> What you will do:
In the material below, find the line containing "Черепаха из пластилина своими руками" and output it and all lines after it exactly, through the last one, without the pictures.

------ Data block

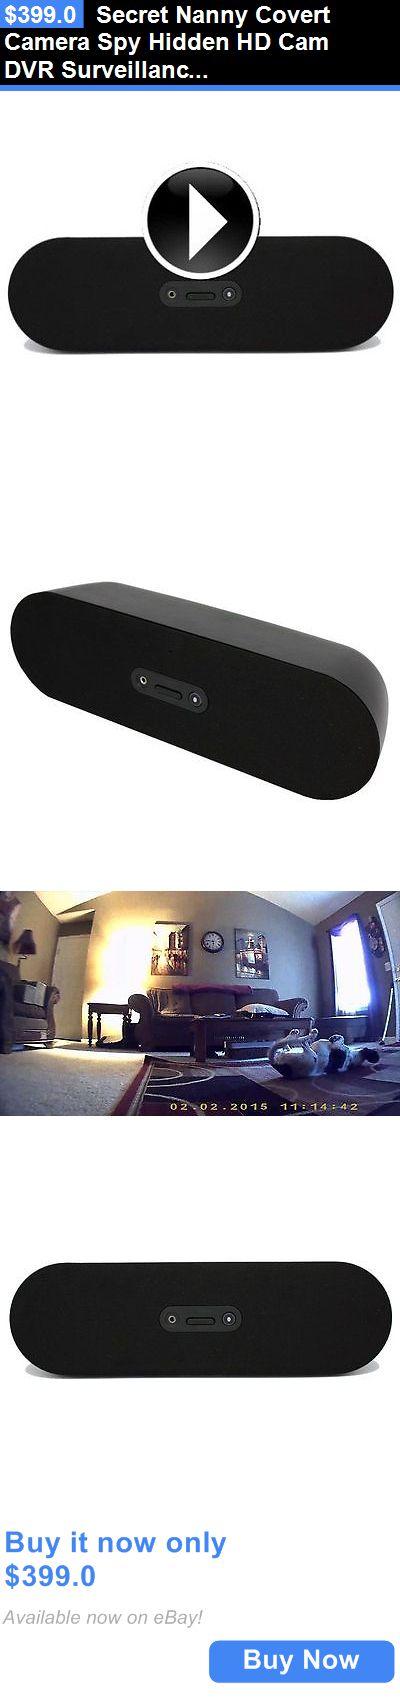 Surveillance Gadgets: Secret Nanny Covert Camera Spy Hidden Hd Cam Dvr Surveillance Bluetooth Speaker BUY IT NOW ONLY: $399.0
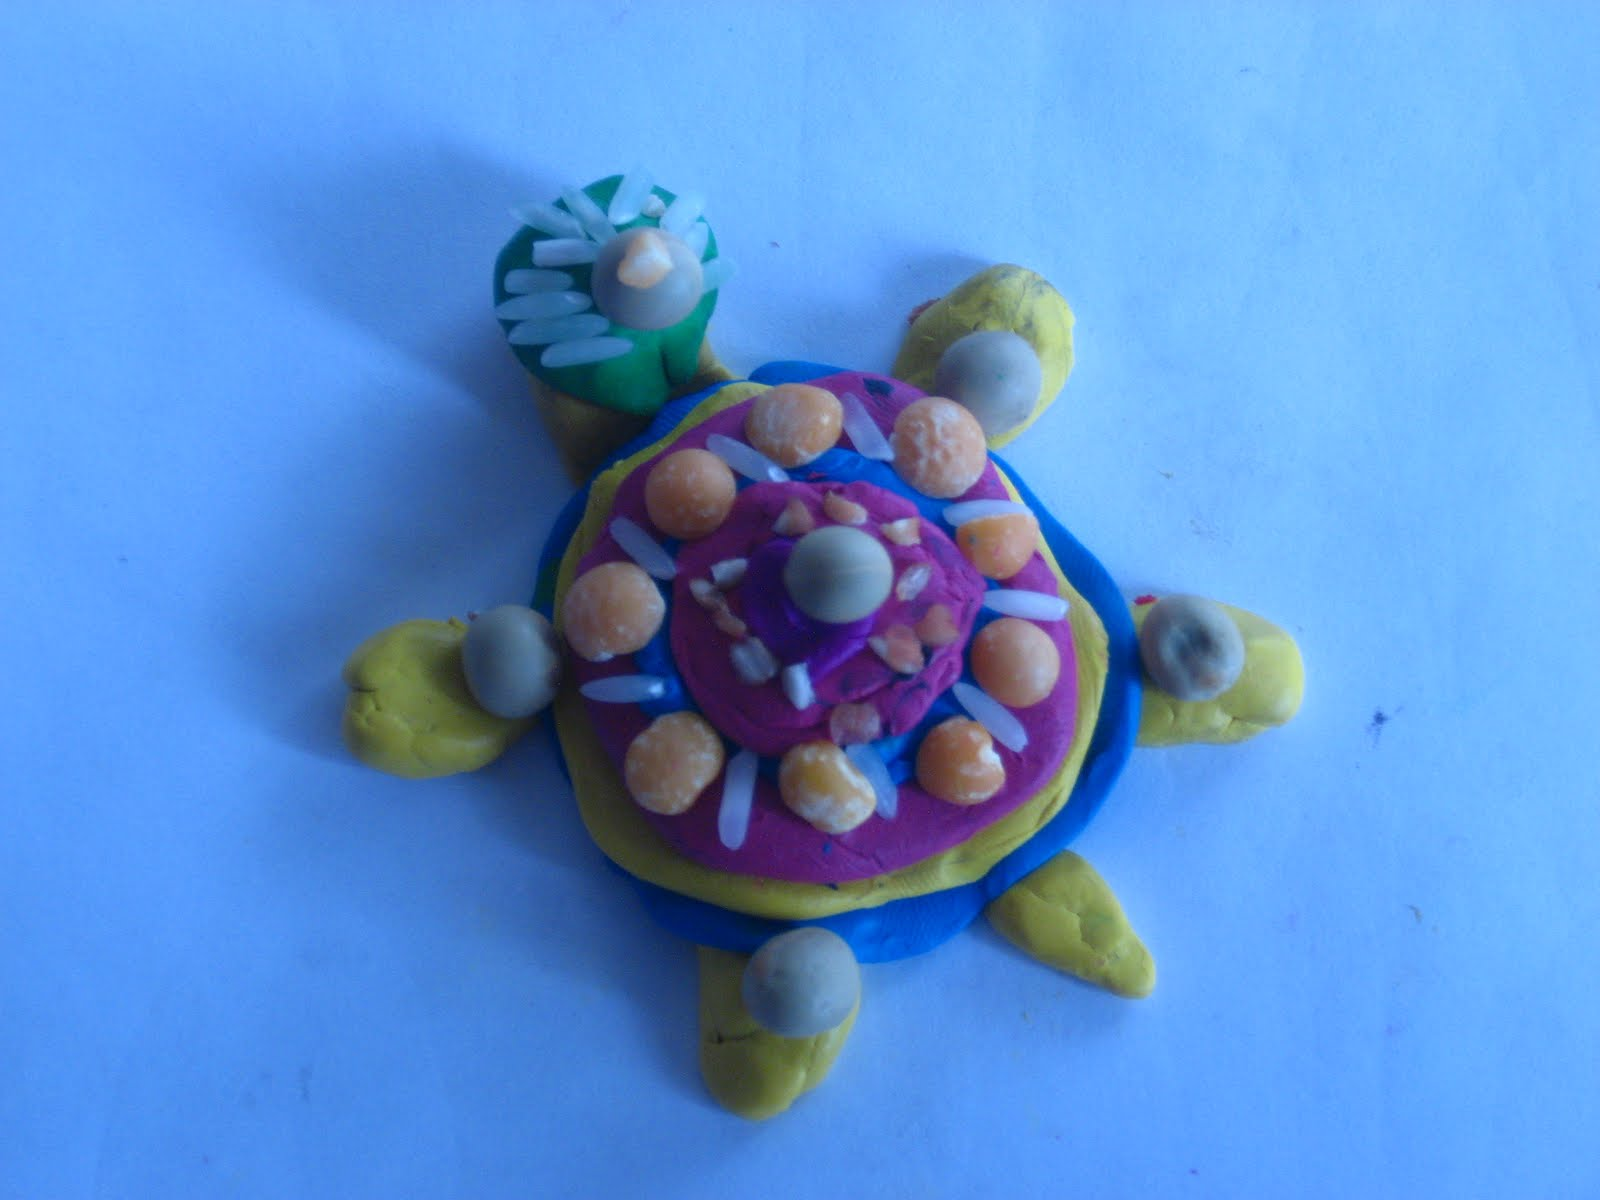 Черепаха из пластилина своими руками
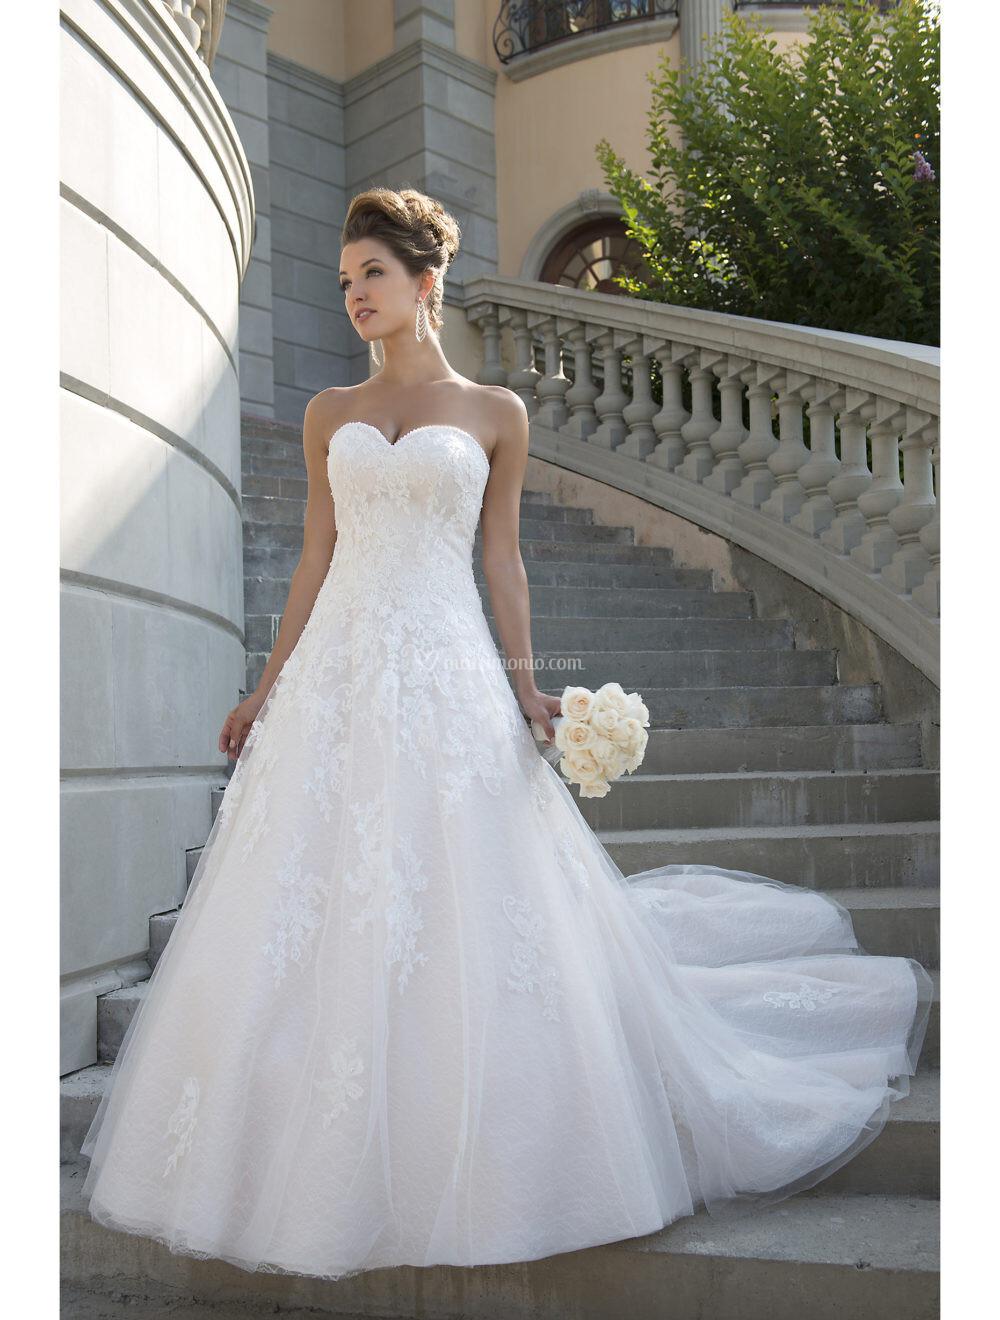 Abiti da Sposa di Venus Bridal - Matrimonio.com 6baa8d3d6aa

------------

> Response area:
 Черепаха из пластилина своими руками
 Abiti da Sposa di Venus Bridal - Matrimonio.com 6baa8d3d6aa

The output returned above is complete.